Top of Data extract
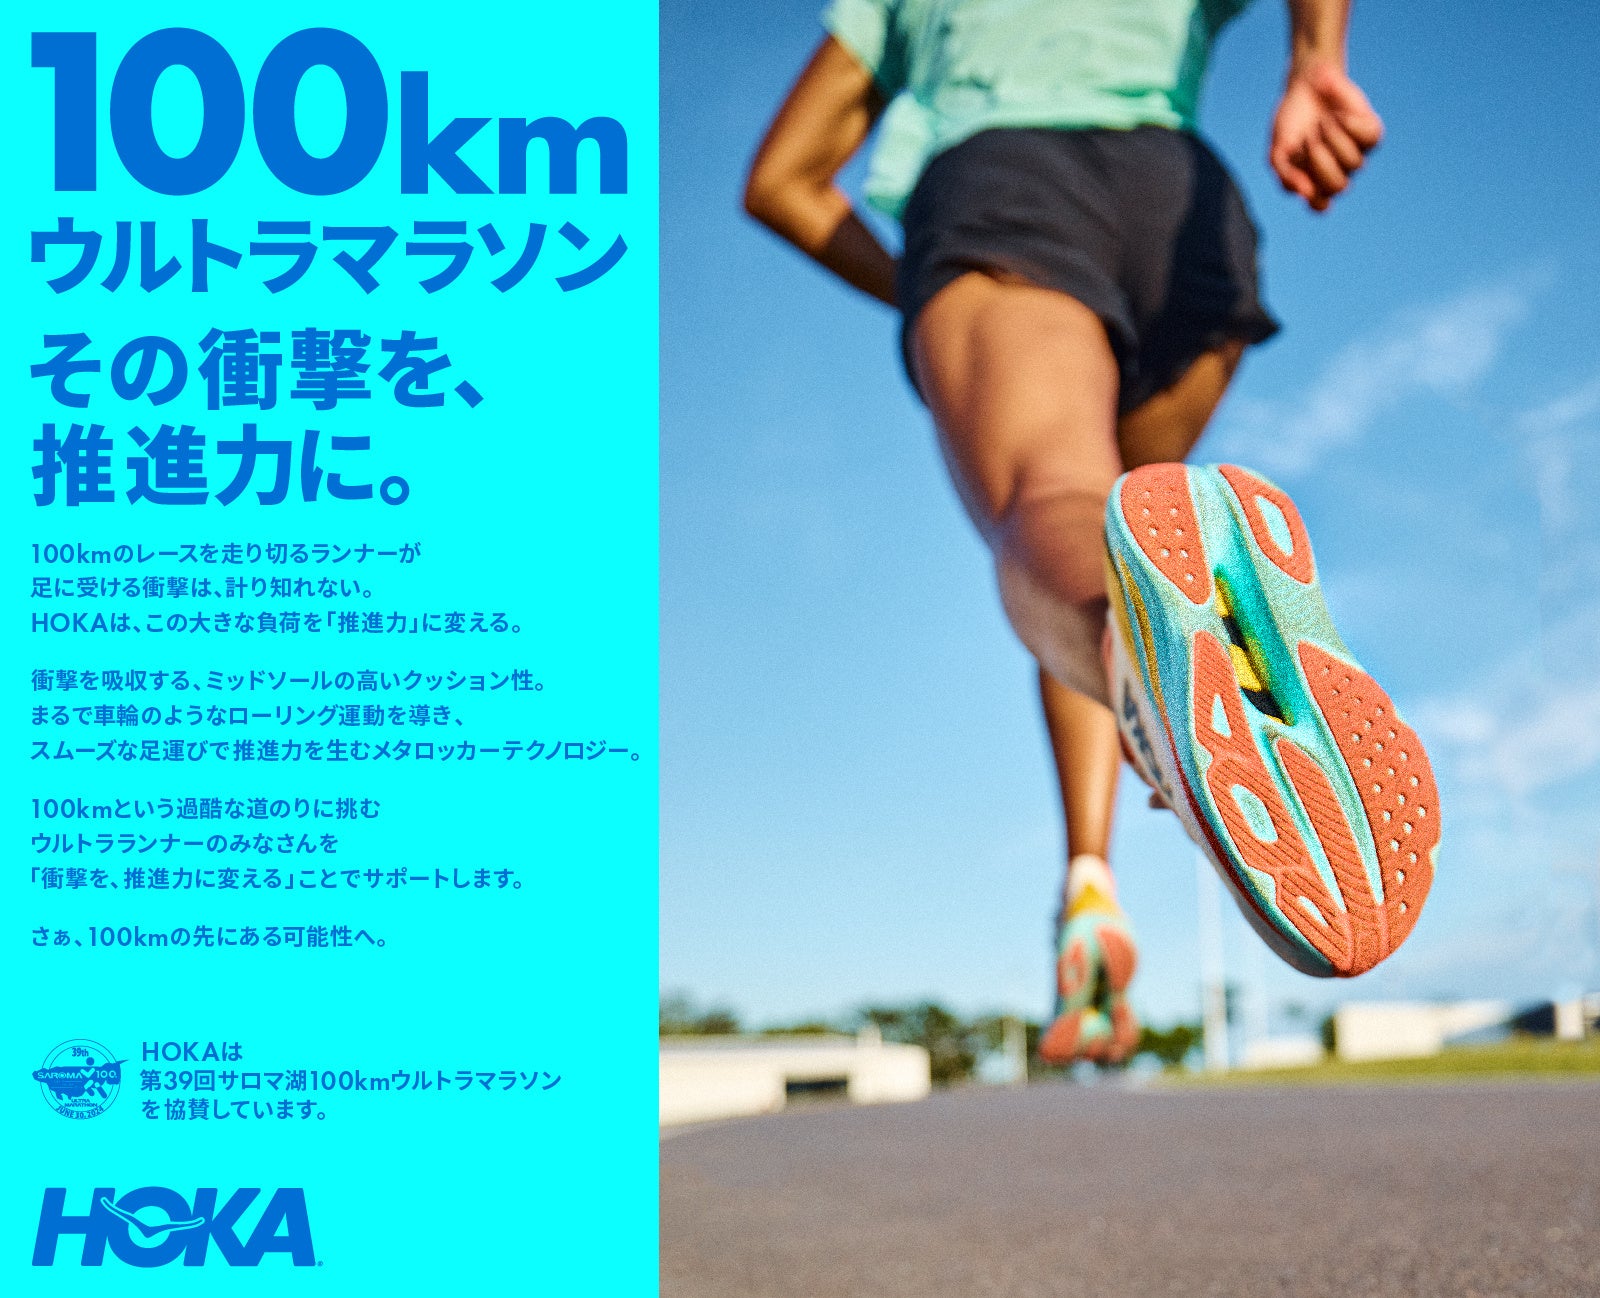 HOKAが100kmの世界記録に挑戦するウルトラランナーを応援！『HOKA 100km ワールドチャンピオンシップチャレンジ』第2弾を実施6月30日開催
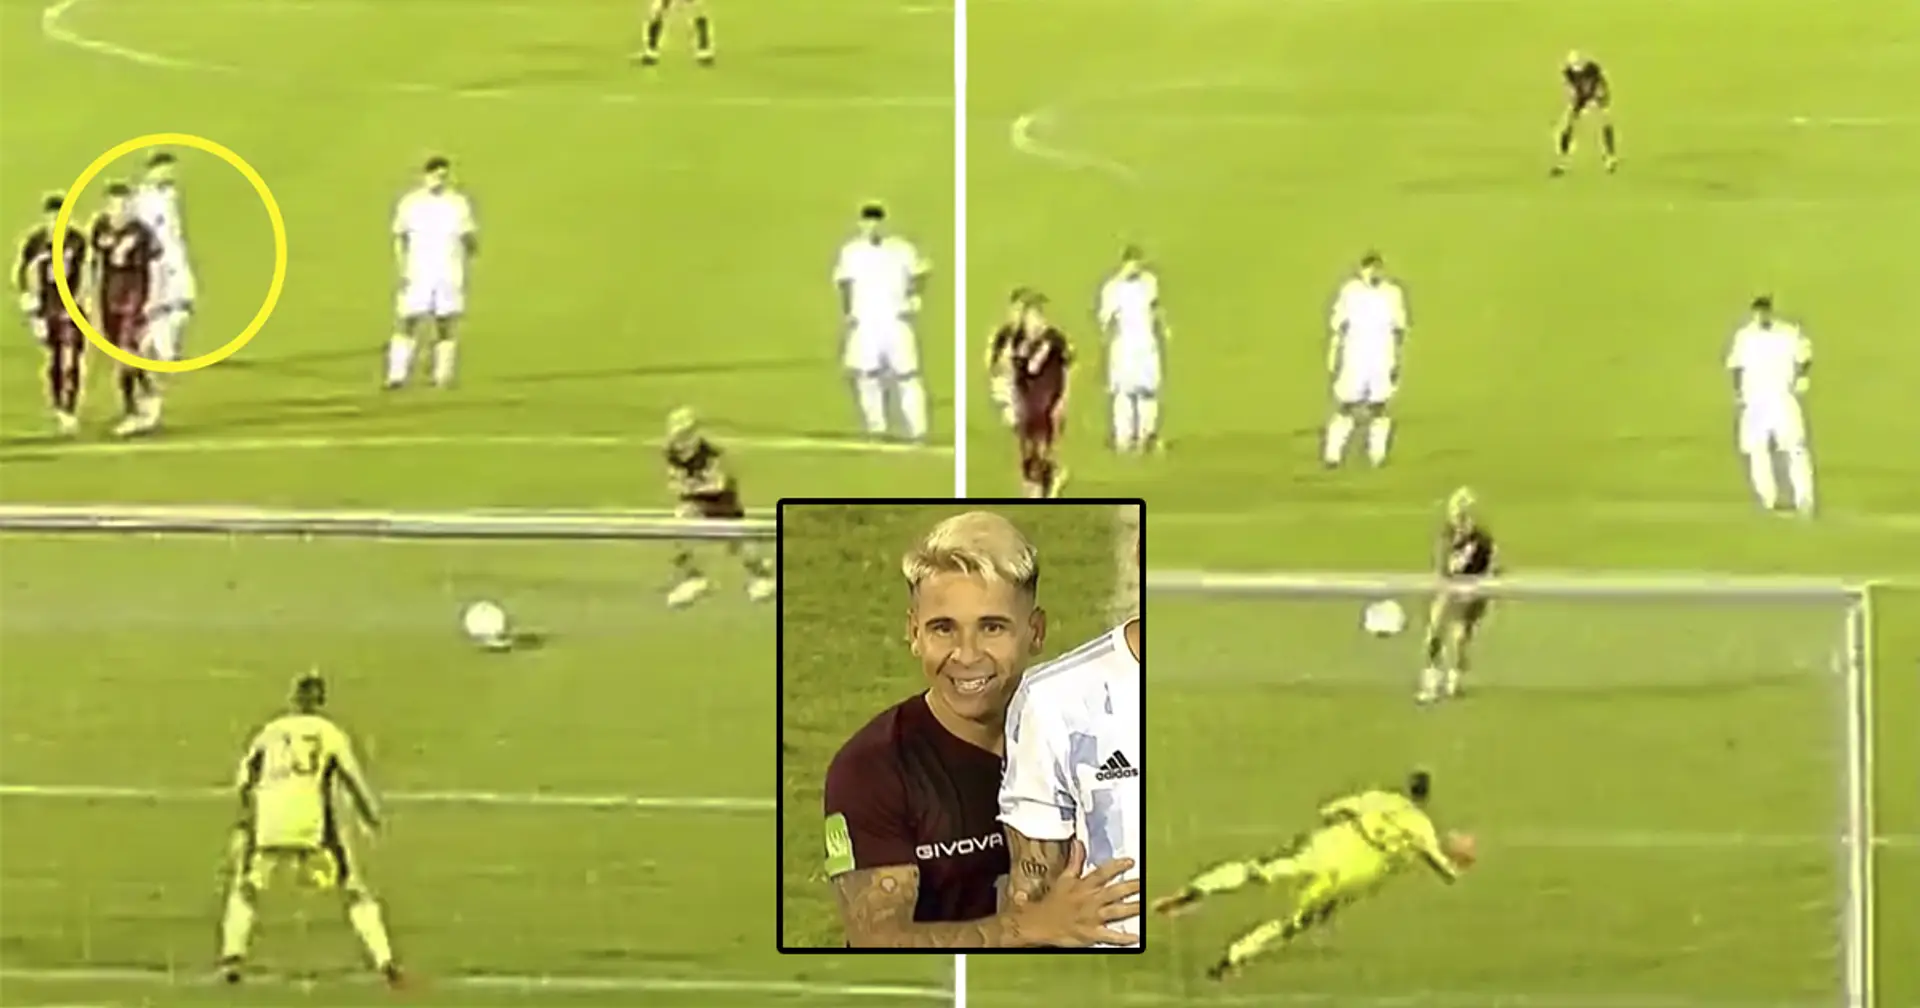 Caught on camera: Messi's amazing reaction to Venezuela player scoring panenka goal
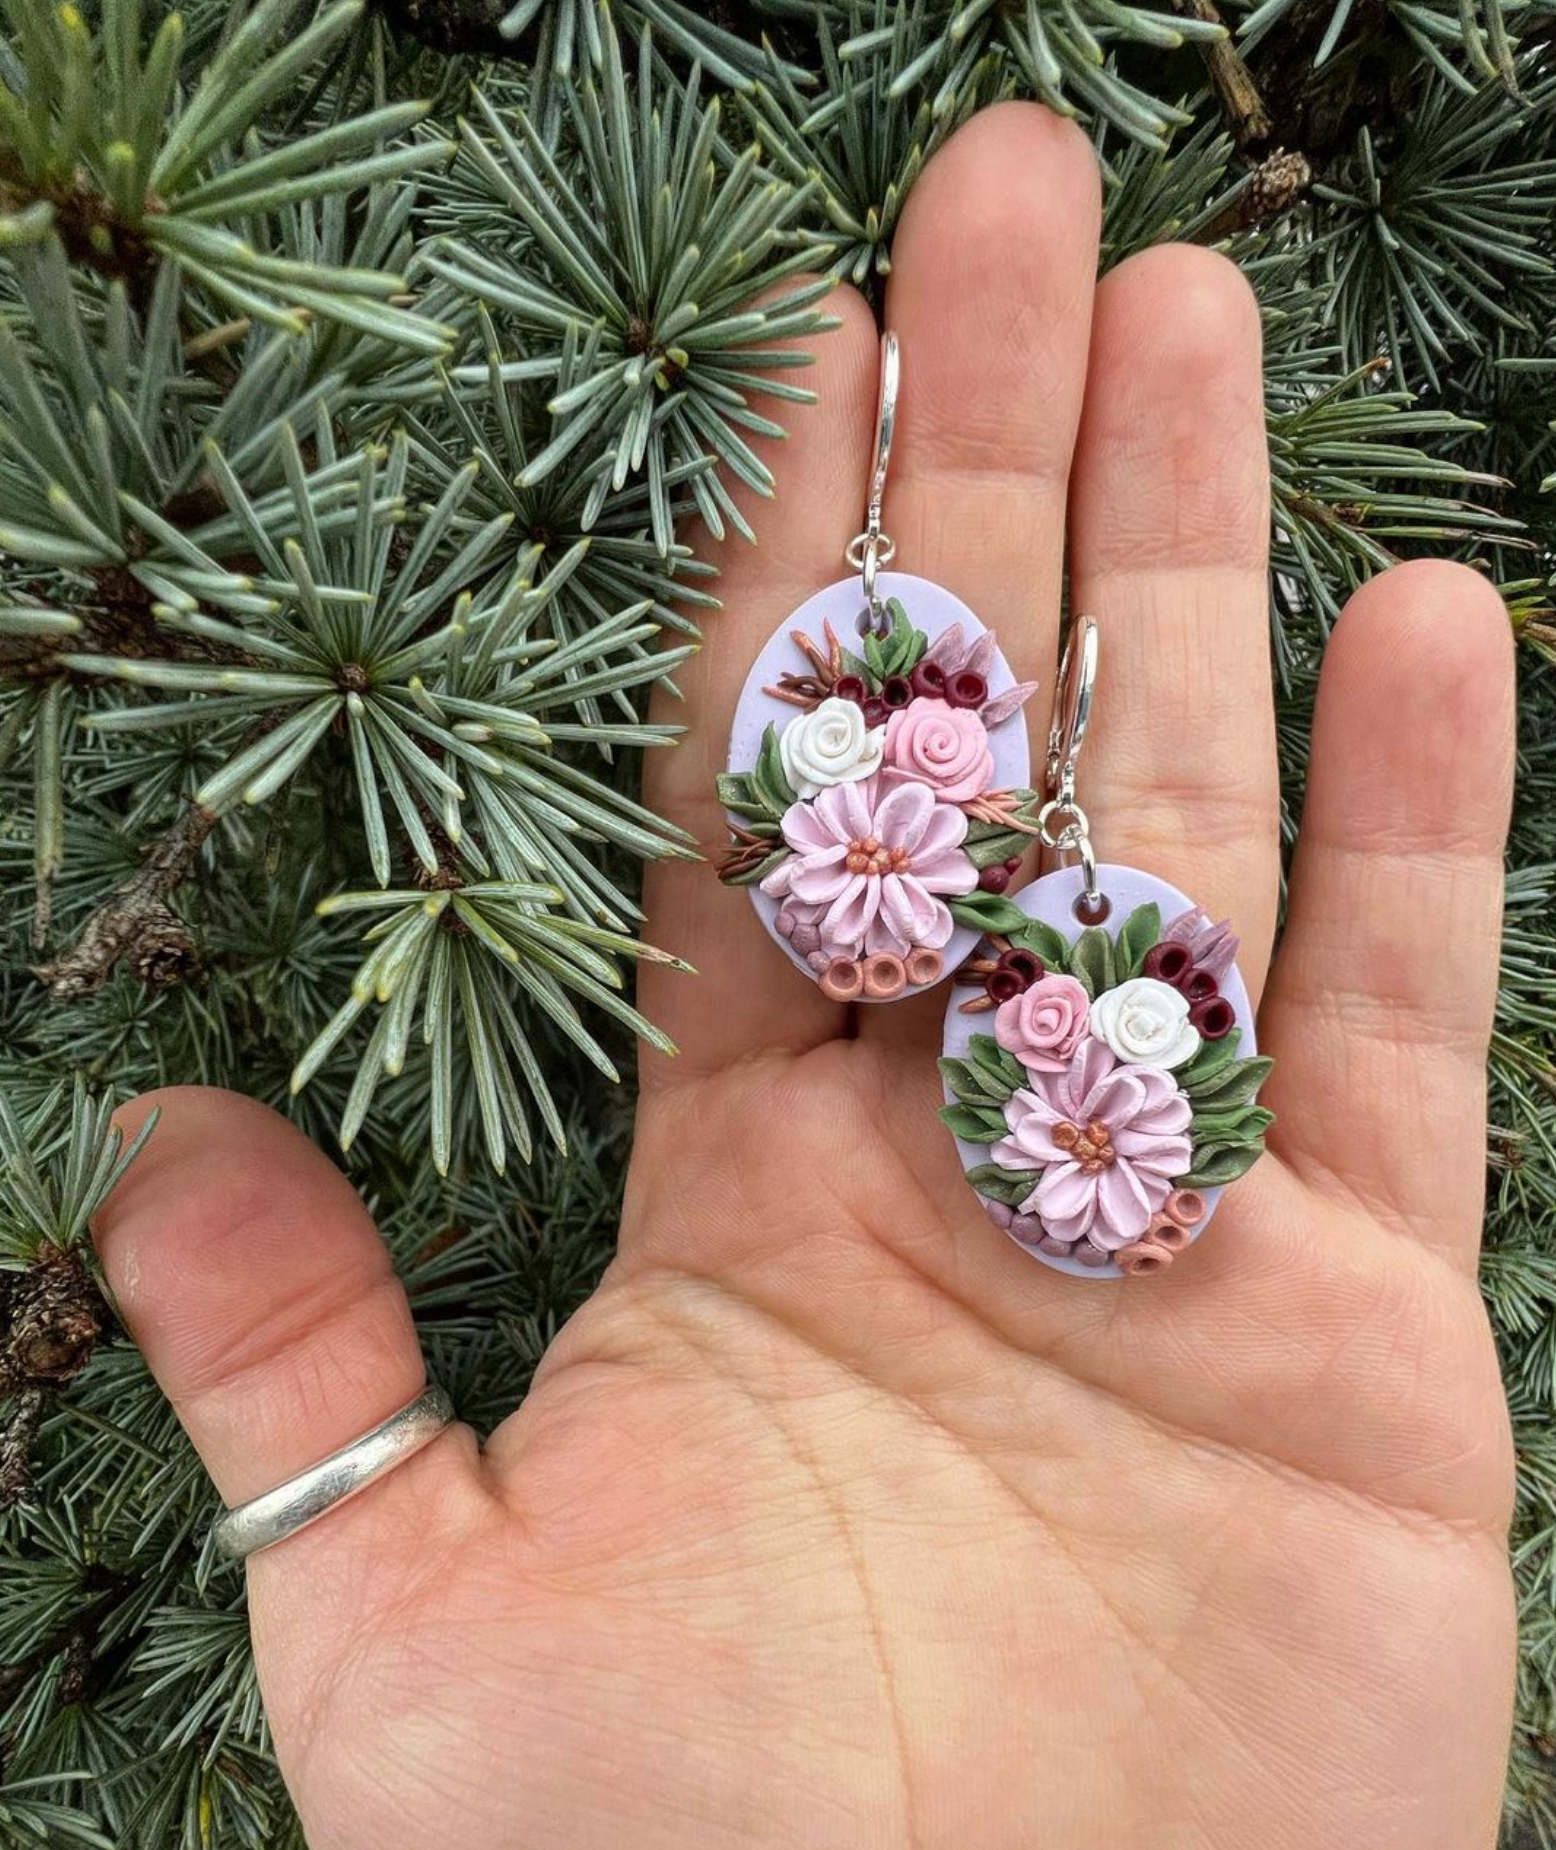 Pink and purple flower earrings
Bottom of Data extract
» What to do
In the copy, keep every line of the data above exactly and drop each picture.

» Solution
 HOKAが100kmの世界記録に挑戦するウルトラランナーを応援！『HOKA 100km ワールドチャンピオンシップチャレンジ』第2弾を実施6月30日開催
 Caught on camera: Messi's amazing reaction to Venezuela player scoring panenka goal
 Pink and purple flower earrings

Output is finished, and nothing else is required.